I searched, but couldn't find anything....Anyone know?


----------



## Overlooked (Jul 10, 2002)

Around 2500lbs


----------



## javierb14 (Jul 9, 2002)

Curb Weight (Manual) : 
1065 kg (2343 lb.) [BASE] 
1068 kg (2349 lb.) [SE] 
1145 kg (2519 lb.) [SE-R] 

Curb Weight (Automatic) : 
1093 kg (2404 lb.) [BASE] 
1095 kg (2409 lb.) [SE] 
1171 kg (2576 lb.) [SE-R] 

from 
http://www.nease.net/~carboy/cars/200sxspec.html


----------



## James (Apr 29, 2002)

I don't doubt the curb weight figures but I looked at the site and there's a lot of info that looks wrong... ie compression ratio... on the 1.6 isn't it 9.5:1 vice the 9.9 he has listed?


----------



## javierb14 (Jul 9, 2002)

from edmunds
http://www.edmunds.com/used/1997/nissan/200sx/2drsecoupe/specs.html?id=lin0066

97 200sx se
Weight: 2348 lbs.


----------



## 200SushiX (Jul 12, 2002)

*DOH!*

Thanks *javierb14* , didn't even occur to me to look at
Edmunds! That link you supplied was/is pretty cool. Good
for us "newbs" before posting "basic" questions  .


----------



## Gimp (Jun 9, 2002)

200SushiX said:


> *I searched, but couldn't find anything....Anyone know? *


 Is that WITH or WITHOUT my fat ass in the front seat?


----------



## ScorchN200SX (Aug 13, 2002)

*Around 2500 LBS Stock!*

Go on a diet!!!!!! 


JK


----------



## Gimp (Jun 9, 2002)

*Re: Around 2500 LBS Stock!*



ScorchN200SX said:


> *Go on a diet!!!!!!
> 
> 
> JK *


Damn, sound like my wife....mother....doctor.....


----------



## Niss200SXGTR (May 31, 2002)

lol.. i say be proud of our fat ass.. at least we dont show signs of Under-nourishment.. Example, SKINNY PEopLE


----------



## scratchresistant (Jan 1, 2005)

javierb14 said:


> from edmunds
> http://www.edmunds.com/used/1997/nissan/200sx/2drsecoupe/specs.html?id=lin0066
> 
> 97 200sx se
> Weight: 2348 lbs.


yeah i saw that same weight on autotrend or something...
but on the little sticker in the front of my driver side door it says GVWR 3326 lbs.... what gives?


----------



## Ninety-Nine SE-L (May 5, 2002)

I thought the SE-R was lighter than the SE...From what I've heard, the SR20 is a lighter block.


----------



## psuLemon (Apr 23, 2003)

its an aluminum block as opposed to the ga16 cast iron block.. but it is a bit bigger, so it should equal out

the weight will vary from model depending on stuff like power windows, locks, sunroof any of that shit cuz you have all those extra motors.. and depending how fat you are


----------



## scratchresistant (Jan 1, 2005)

psuLemon said:


> its an aluminum block as opposed to the ga16 cast iron block.. but it is a bit bigger, so it should equal out
> 
> the weight will vary from model depending on stuff like power windows, locks, sunroof any of that shit cuz you have all those extra motors.. and depending how fat you are


yeah but not by 1000 lbs... i think it might be a typo or something... or maybe GVWR doesnt mean what i think it means


----------



## lshadoff (Nov 26, 2002)

scratchresistant said:


> yeah i saw that same weight on autotrend or something...
> but on the little sticker in the front of my driver side door it says GVWR 3326 lbs.... what gives?

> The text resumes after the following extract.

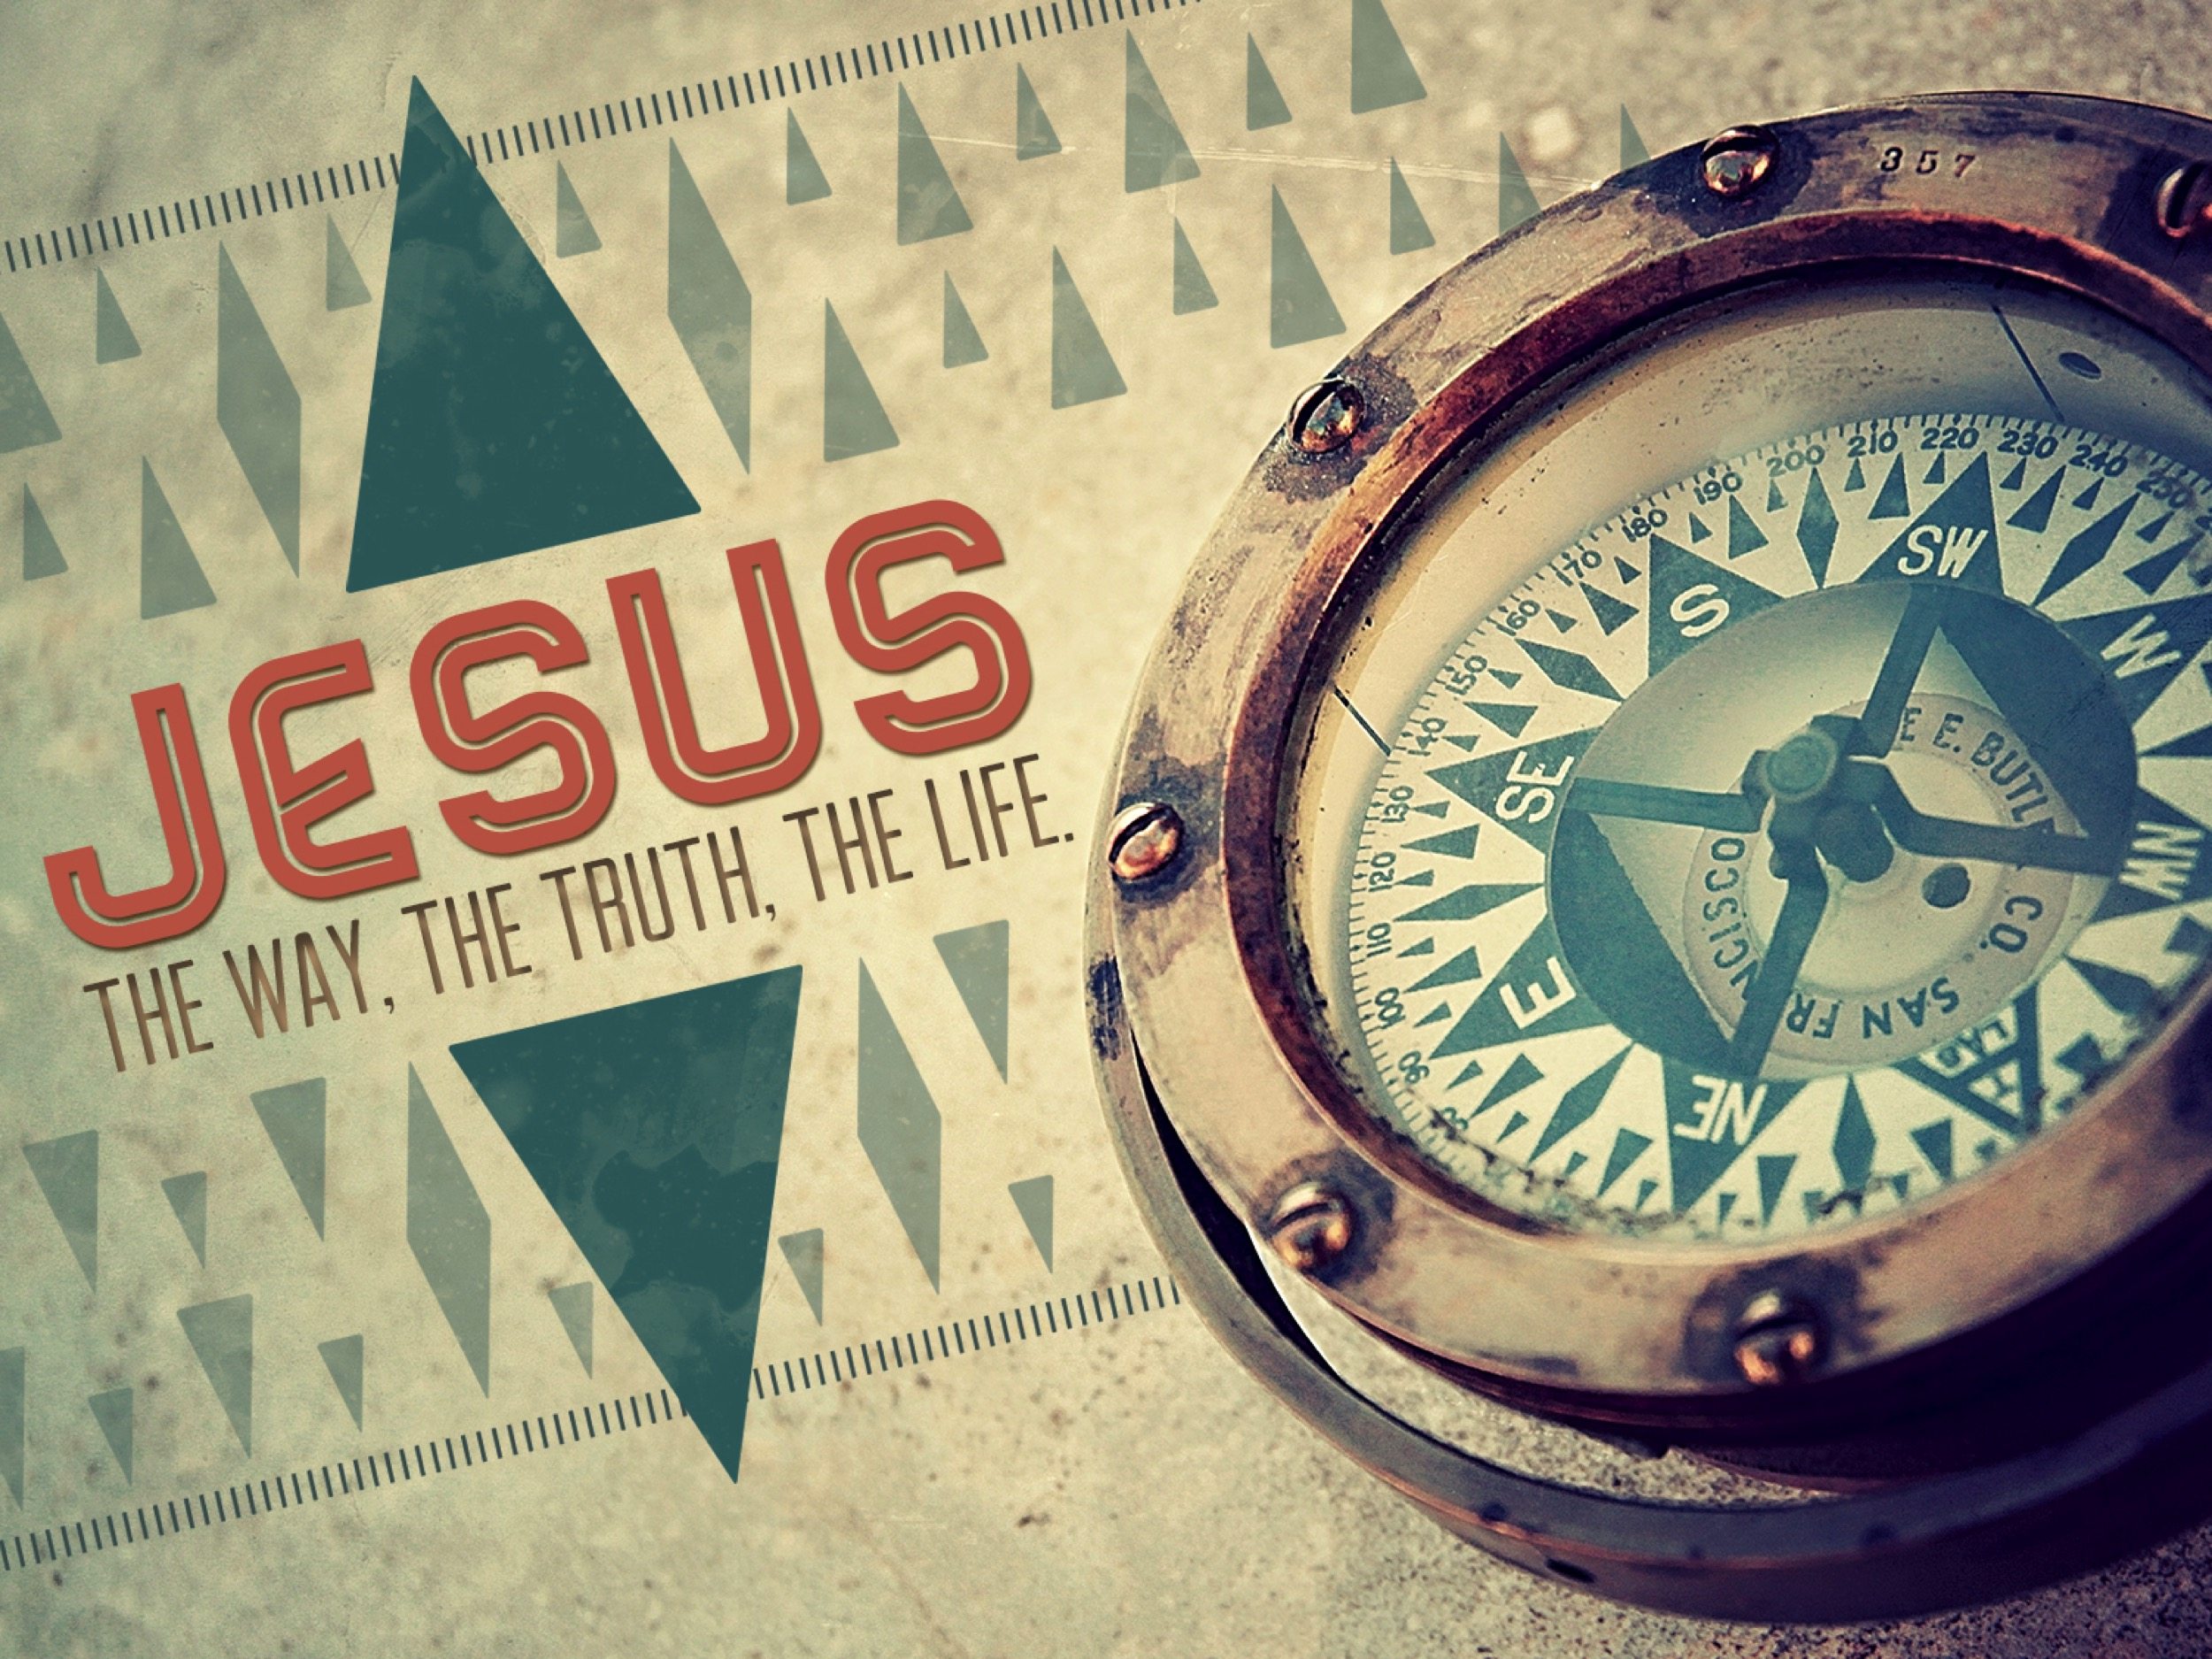 The Life Of Jesus P40

The Gross Vehicle Weight is the maximum safe total vehicle weight with passengers and luggage.

Lew


----------



## psuLemon (Apr 23, 2003)

i was just saying, because i know my car will weight a lot more since it had the sunroof, all the power stuff like locks windows and an alarm system then a base model with none of that.. its maybe only be a few hundred lbs but it adds up


i dont know the difference btw the sr and ga


----------



## Ninety-Nine SE-L (May 5, 2002)

I still don't see how the 200sx SE-R is a full 167lbs heavier than the 200sx SE. If anything, the SR20 is lighter or equals out. The SE and SE-R have the same options except for the wheels, side skirts, and rear discs, that's not a 167lb difference. IIRC, in the B13 line, the E was the lightest, then the SE-R, the XE, and then the SE being the heaviest. The only reason the E was lighter was b/c it had nothing on it, but the SE-R was lighter than any of the other 1.6s.


----------



## psuLemon (Apr 23, 2003)

well first se's dont come with side skirts, nor do they come with 15, but you have to remember, that the sr20 is a bigger motor in size than the ga16


----------



## himbo (Sep 20, 2003)

also bigger/heavier tranny


----------